On Wed, Mar 02, 2011 at 04:38:07PM -0500, Patrick Lynch wrote:
> ----- Original Message ----- From: "Brent Yorgey"
> <byorgey at seas.upenn.edu>
> To: <beginners at haskell.org>
> Sent: Wednesday, March 02, 2011 10:37 AM
> Subject: Re: [Haskell-beginners] Monads
> >On Wed, Mar 02, 2011 at 10:04:38AM -0500, Patrick Lynch wrote:
> >>Daniel,
> >>Thank you...I understand now...
> >>Good day
> >>
> >>    instance Functor Maybe where
> >>      fmap f (Just x) = Just (f x)
> >>      fmap f Nothing = Nothing
> >
> >So you are confused about this code?  Can you be more specific what
> >you are confused about?  Try thinking carefully about all the types
> >involved.  What is the type of f? (You already answered this: a -> b.)
> >What is the type of (Just x)? The type of x?  What type is required on
> >the right hand side of the = ?  And so on.
> -Hi Brent
> I know that Maybe type is: data Maybe a = Nothing | Just a
> ...so, I assume that the type to the right of the '=' should be
> Maybe a..

Not quite.  Let's look again at the type of fmap here:

  fmap :: (a -> b) -> Maybe a -> Maybe b

So fmap will be taking *two* parameters, the first of type (a -> b),
the second of type Maybe a.  Then it needs to return something of type
Maybe b (so this is what will be on the right hand side of the =).

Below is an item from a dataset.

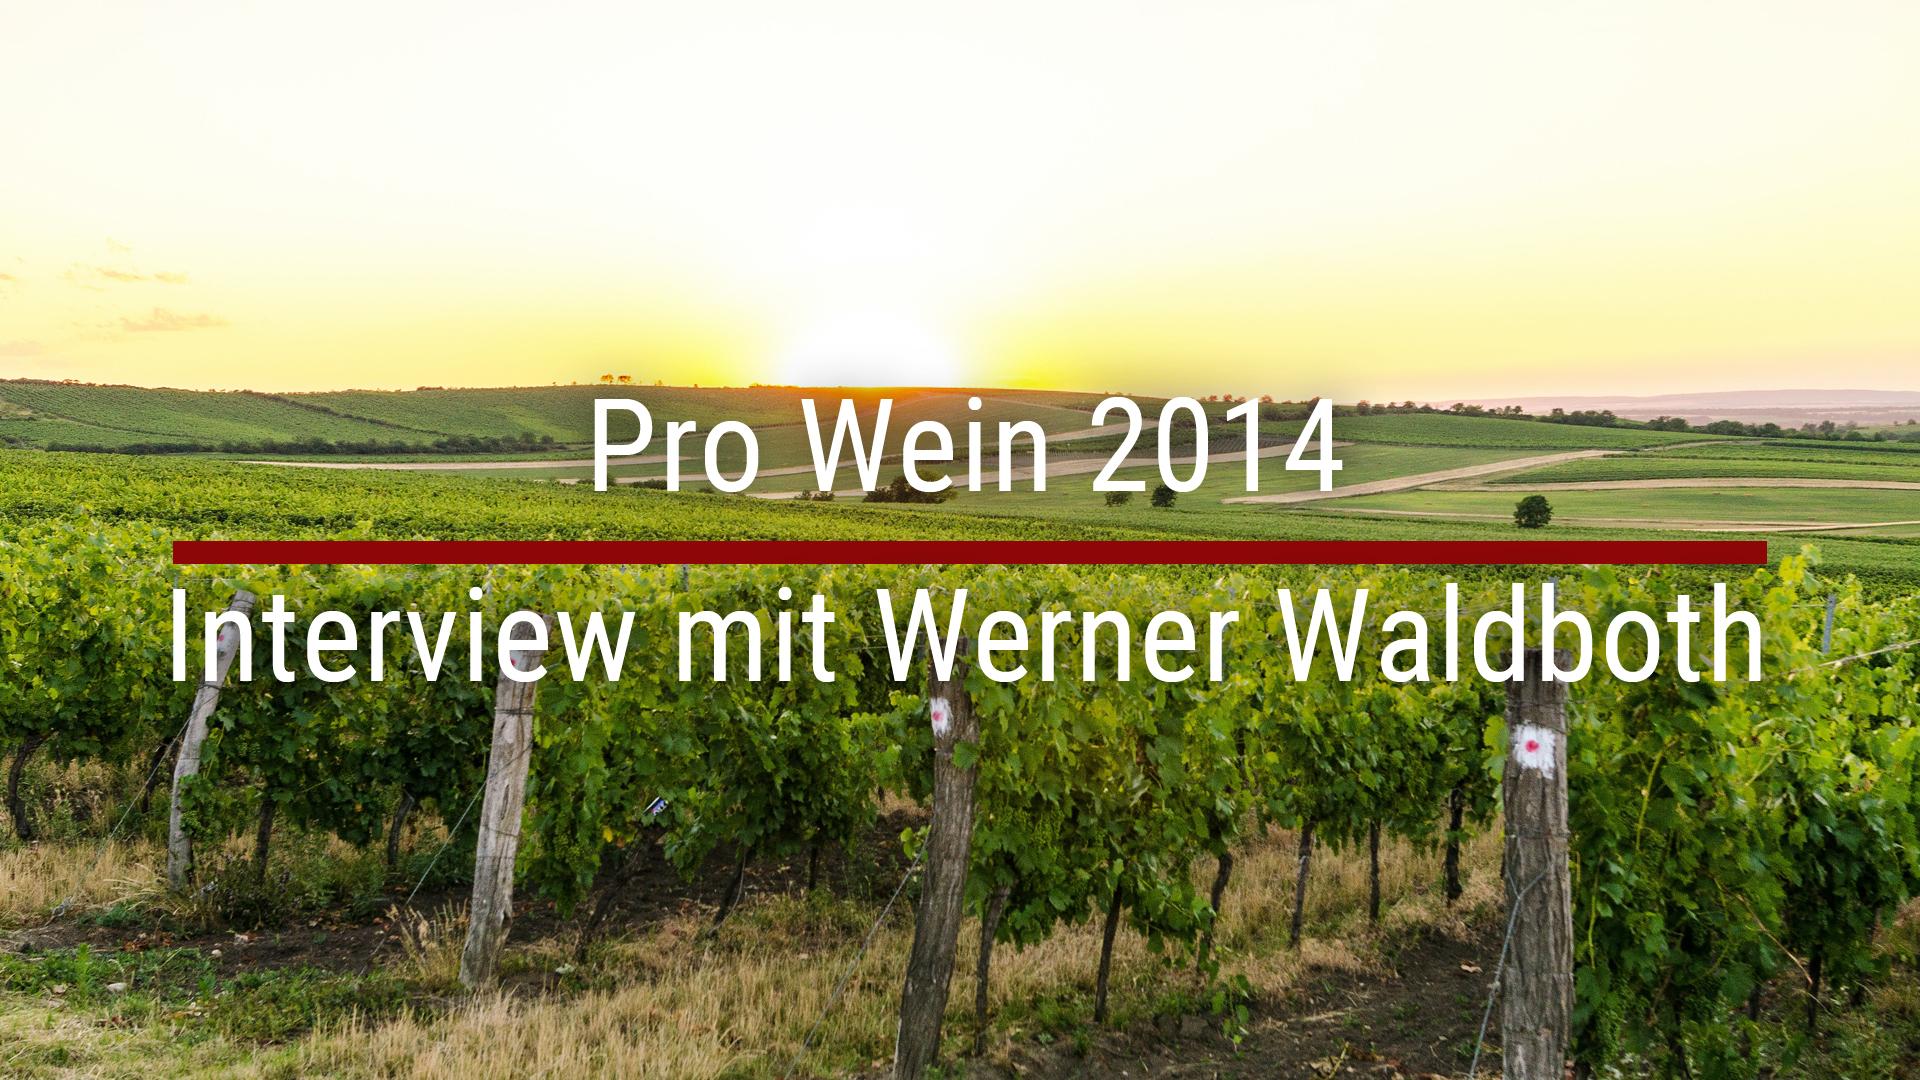 Pro Wein 2014 – Interview mit Werner Waldboth

>     instance Functor Maybe where
>       fmap Nothing = Nothing
>       fmap Just x = Just x

You're missing the first argument to fmap (the one of type a -> b).
Let's call it f.  Since the second argument is of type (Maybe a)
you're right that we should handle all cases (Nothing and Just).

  fmap f Nothing = Nothing

so here we need to return something of type 'Maybe b'.  Well, we don't
have any values of type b, so the only thing we can do is return

  fmap f (Just x) = ?

The reason we need the parentheses around (Just x) is simply that
otherwise the compiler thinks we are writing a definition of fmap that
takes three arguments: f, Just, and x, but that doesn't make sense.

Now, here f has type (a -> b), and (Just x) has type (Maybe a), hence
x has type a.  If we apply f to x we get something of type b, so we
can define

  fmap f (Just x) = Just (f x)

Does that make sense?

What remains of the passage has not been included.